Reportage aux côtés de ces femmes et de ces hommes qui, bien plus que d’assurer une multitude de tâches administratives, sont souvent les premiers à qui les patients vont se confier.

Les premiers rayons gagnent, peu à peu, l’immense hall d’entrée de l’hôpital d’Yverdon-les-Bains. Il est un peu moins de 6 heures, ce lundi matin, et alors que l’imposant plafonnier, ersatz de soleil manifestement dopé au carotène, cède gentiment sa place à une lumière plus naturelle, dans ce même hall débute l’étrange chorégraphie de cette machine à nettoyer les sols, assourdissante. À l’intérieur de la demi-lune de verre, manière de tour de contrôle au coeur de laquelle, jour après jour, oeuvrent les réceptionnistes, l’écho des plaintes de cet étrange « monstre polisseur » vient mettre un terme à la sérénité qui, une fois n’est pas coutume, a prévalu durant la nuit qui s’achève.

Santiano

Au pied du grand escalier en colimaçon qui mène aux urgences pédiatriques, qui conduit au soulagement, un petit bonhomme chantonne, avec plus ou moins de justesse, cet air connu qui relate les aventures d’un fameux trois-mâts fin comme un oiseau. « C’est l’un des aspects de ce métier que je préfère », lance alors la réceptionniste qui, seule durant cette nuit de Brandons, a assuré la multitude de tâches qui incombent à son poste – notamment l’accueil des patients, la permanence téléphonique, les admissions, la création des dossiers d’hospitalisation d’urgence, la gestion du parking, la gestion des alarmes et des pannes techniques ainsi qu’un peu de saisie de données administratives pour tuer le temps, au cas où. Difficile, en effet, de ne pas se sentir soudain débordé d’un étrange mélange de soulagement et de joie à la vision de ce jeune matelot qui, il y a quelques heures à peine, passait la porte tambour de l’Hôpital d’Yverdon-les-Bains recroquevillé dans les bras de sa mère, le souffle court, les yeux embués et le moral aux tréfonds.

Ce que je préfère de ce métier : voir les gens repartir en allant mieux.

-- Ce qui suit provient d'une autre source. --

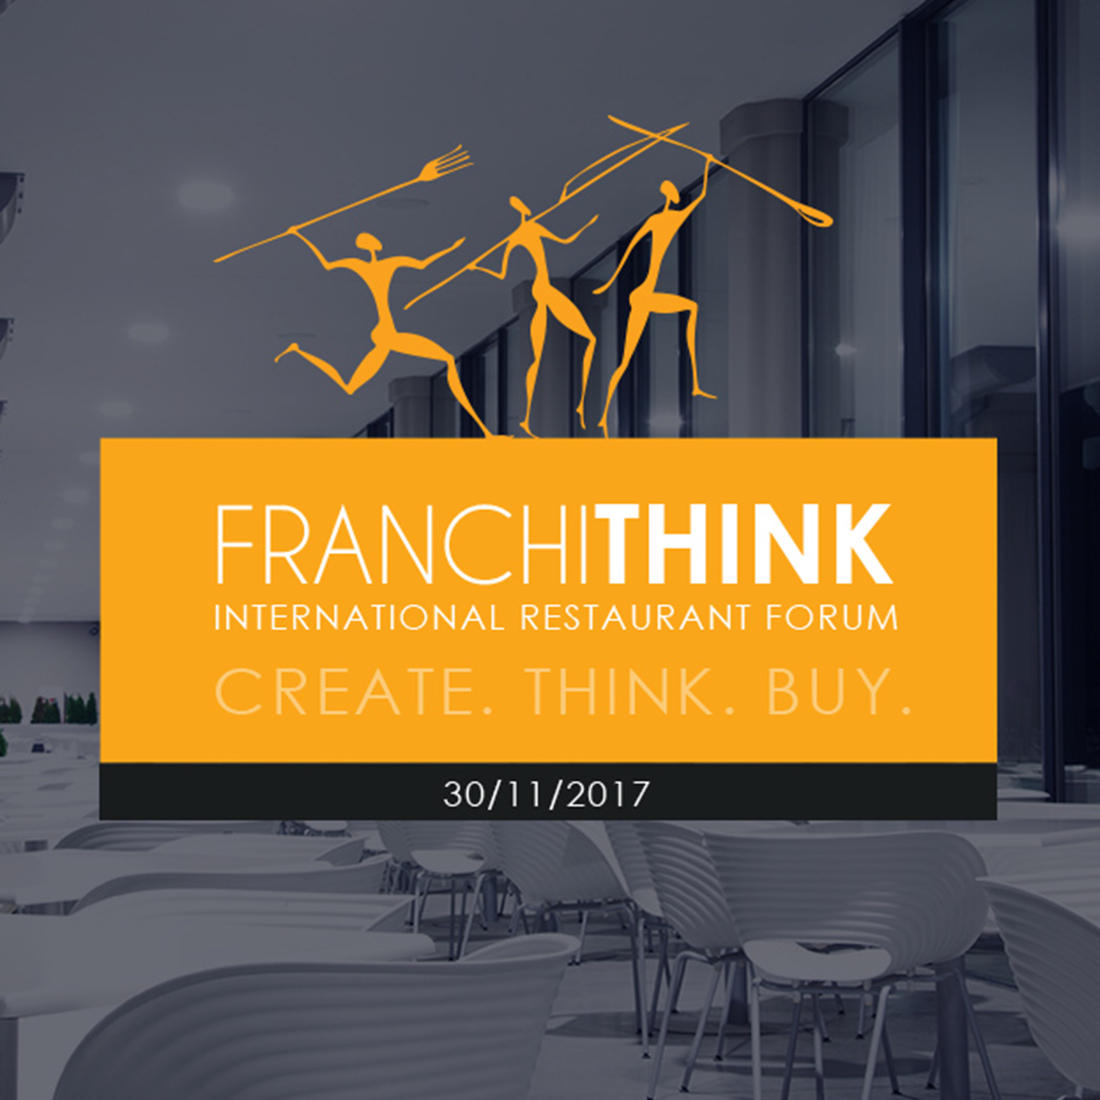 For the First Time in Ukraine: FRANCHITHINK

« Oui, c’est vraiment l’un des aspects que je préfère de ce métier : voir les gens repartir en allant mieux », répète la réceptionniste. Tant que, nous aussi, nous finirons d’ailleurs par nous prendre au jeu, empathie oblige – l’une des qualités sine qua non de l’accomplissement du rôle de réceptionniste. Difficile, en effet, de ne pas se soucier de ce qu’il advient de tous ces patients que l’on accompagne dans leur entrée, mais quasi jamais dans leur sortie.

Les abeilles

Il est 7 heures, nous sommes lundi matin et, en semaine, c’est généralement à cette heure que la métamorphose opère, que le papillon de nuit qui a accompagné les patients dès leurs premiers pas à l’intérieur de l’hôpital – parfois, en amont, au téléphone – laisse alors sa place à ses collègues qui, dès lors, vont plus s’apparenter à des abeilles dans une ruche, sensation provoquée non seulement par la masse des tâches à effectuer que trahissent, dans le moindre recoin jadis disponible, les diverses listes de procédures, de numéros et autres mémos affichés çà et là, mais également par l’espace restreint au sein duquel elles devront être menées.

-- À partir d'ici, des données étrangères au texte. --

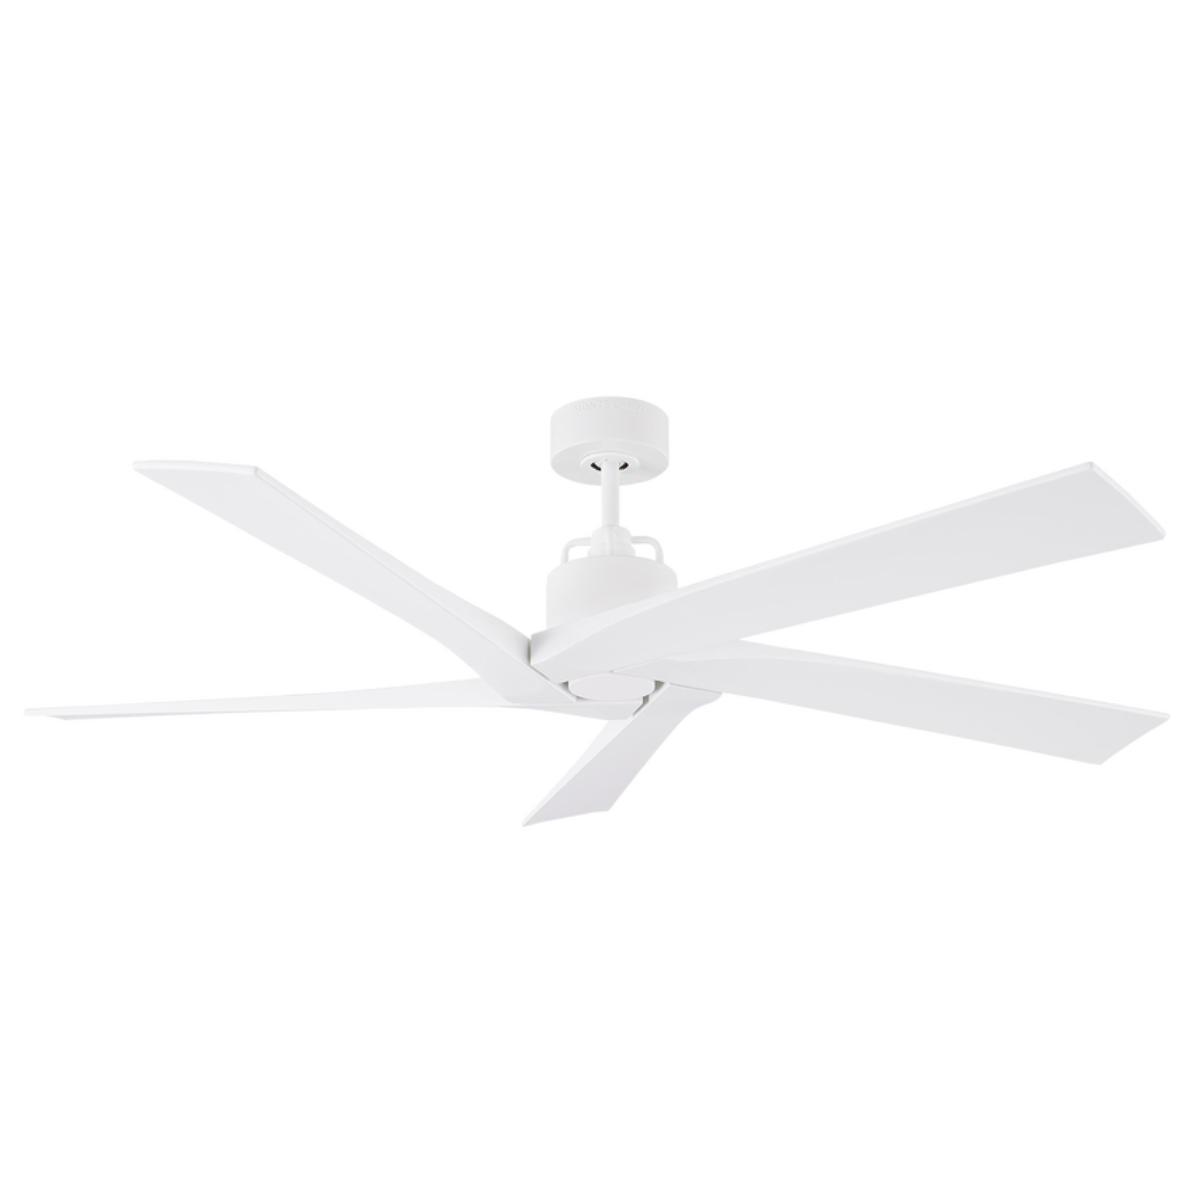 Aspen 56 Inch Ceiling Fan with Remote, Matte White Finish - Bees Lighting

Imaginer un peu : dans quelques mètres carrés, entre câbles informatiques, imprimantes, postes de téléphone et classeurs, jusqu’à six personnes qui se croisent, se décroisent, afin d’assurer les missions précitées auxquelles s’ajoutent, entre autres, les prises de rendez-vous, les recherches d’adresses et d’identités erronées ou non connues, la collecte d’informations auprès des assureurs, la gestion du contentieux avec les patients sans assurance ou venant de l’étranger, la gestion et l’encaissement de certaines prestations hôtelières, les transferts entre établissements, l’enregistrement des naissances, la préparation des constats de décès et, dans ce triste cas, l’organisation des contacts avec les familles et les pompes funèbres, la distribution, la préparation et l’affranchissement des courriers… Et encore, la liste est loin d’être exhaustive. Bref, suffisamment, pour, de temps à autre, faire bourdonner la tête de nos braves abeilles. Et puis ces patients, pas toujours agréables, pas forcément en état de l’être qui, parfois, pression supplémentaire, s’accumulent derrière la grande baie vitrée. Et puis, sans cesse, ce téléphone qui sonne. « Établissements hospitaliers du Nord vaudois, la réception, bonjour ! » Une fois. Dix fois. Des centaines de fois. Dans ce cas-là, une dame qui cherchait à joindre le restaurant du stade municipal. Mais règle numéro un : ne jamais perdre son calme, toujours, si possible, garder le sourire. Ainsi donc, les heures s’enchaînent à un rythme effréné. Les admissions se suivent. Alors, après quelques heures, un tournus salvateur est organisé. De l’accueil on passe aux appels. Des appels à la saisie de données. Histoire de varier. Histoire d’éviter de saturer.

La première cigarette

Et puis, soudain, à l’extérieur de l’hôpital, sérieux, à la queue leu leu, cette dizaine de têtes blondes qui défilent avec ce talent de nous rappeler que, déjà, l’heure de la fin de l’école s’apprête à sonner et que, pour nous aussi, la journée ne va pas tarder à s’achever. Étrange alors que cette sensation de trop que l’on ressent. Tellement de sollicitations, tellement de questions, tellement de bruits, tellement d’impatiences. Cette unique envie, comme rarement, de se retrouver, un instant, seul. Dans le silence. Une fringale de paix qui n’a d’égale que la tension quasi permanente à laquelle sont soumises ces premières lignes.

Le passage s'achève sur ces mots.